Early this week Washington D.C. City Council member Jack Evans introduced a bill that would legalize sports betting in the US capitol city. Evans’ strategy is to move quickly and establish D.C. as a local sports betting powerhouse before lawmakers in neighboring states, such as Maryland, can move to create their sports betting bases.

In Evans’ view, the city state is uniquely positioned to take advantage of a lack of real casinos in the area, as well as a strong interest in sports betting, to raise badly needed revenue to fund childcare and development, as well as the arts. In a statement reported on by the Washington Post, Evans stated the situation bluntly noting:

We can be first and get a lot of money or 51st and not get any.

Under the terms of Evans’ bill, operators would be taxed 10 percent of their monthly gross revenue for the privilege of offering wagers to local residents and, presumably, plenty of out-of-town politicians and their staff members. Operators would have to pony up $50,000 for a five-year license.

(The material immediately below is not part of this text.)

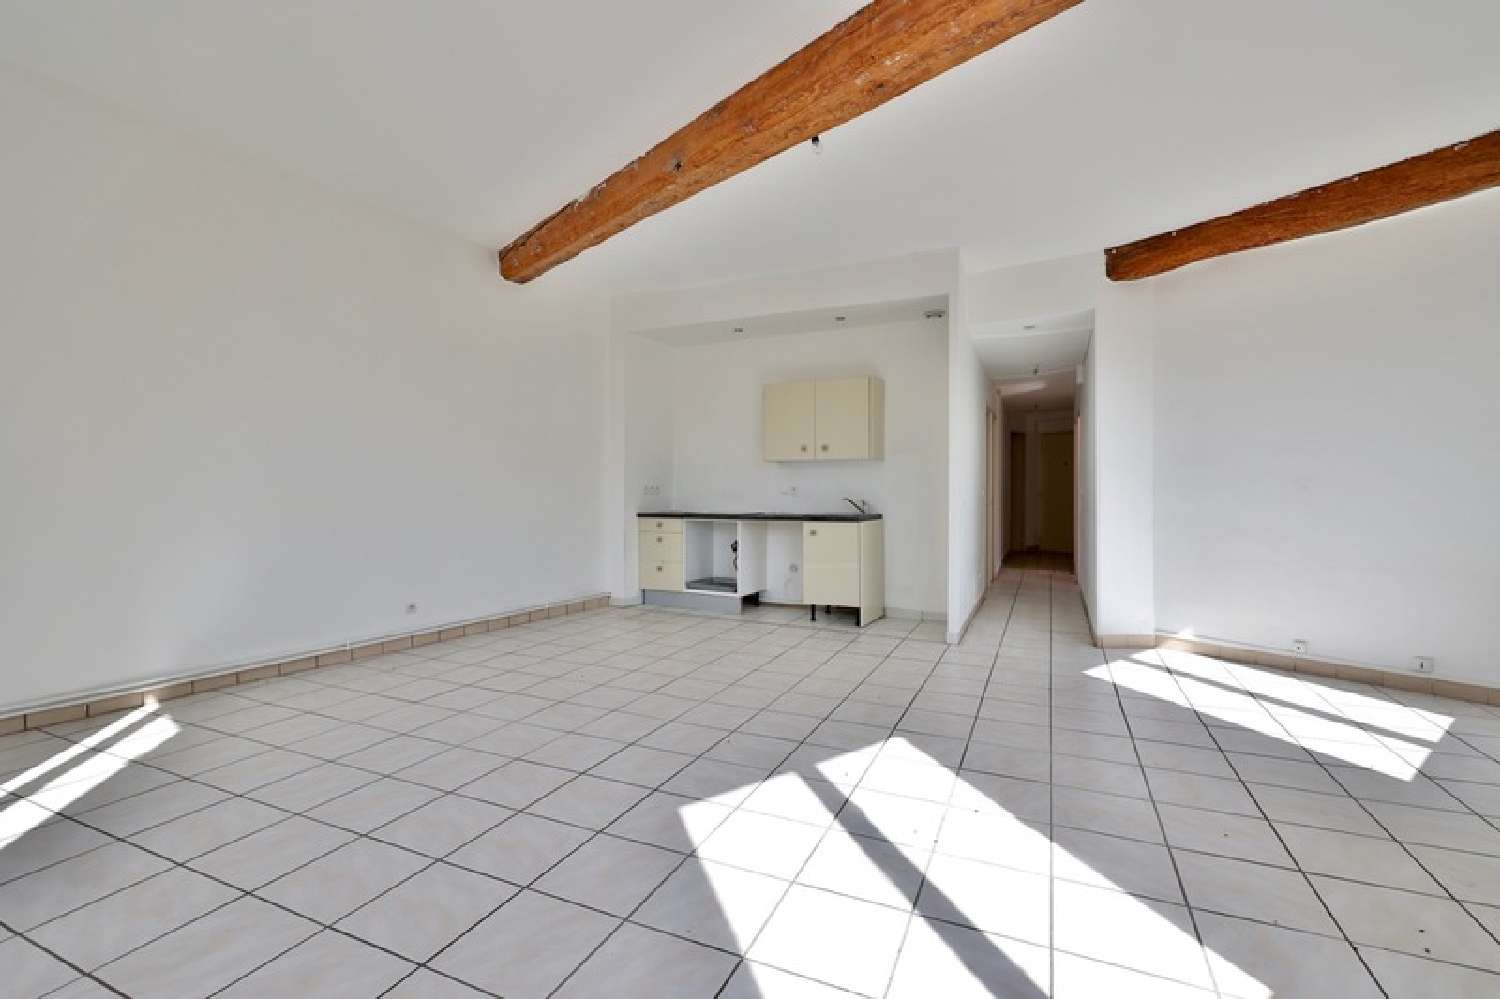  for sale apartment Pontcharra-sur-Turdine Rhône 3

The upstart councilman seems to have plenty of support from his colleagues, including those who aren’t exactly thrilled about the idea of legal gambling at all. D.C. Council Chairman Phil Mendelson says he doesn’t like gambling but will support the bill saying:

It’s clear that residents have long accepted . . . gambling of the nature like the lottery and Internet sports gambling as acceptable, so it’s important to amend the law to reflect the Supreme Court’s actions.

So far there’s no word on when the Washington D.C. City Council is set to actually discuss and vote on the bill.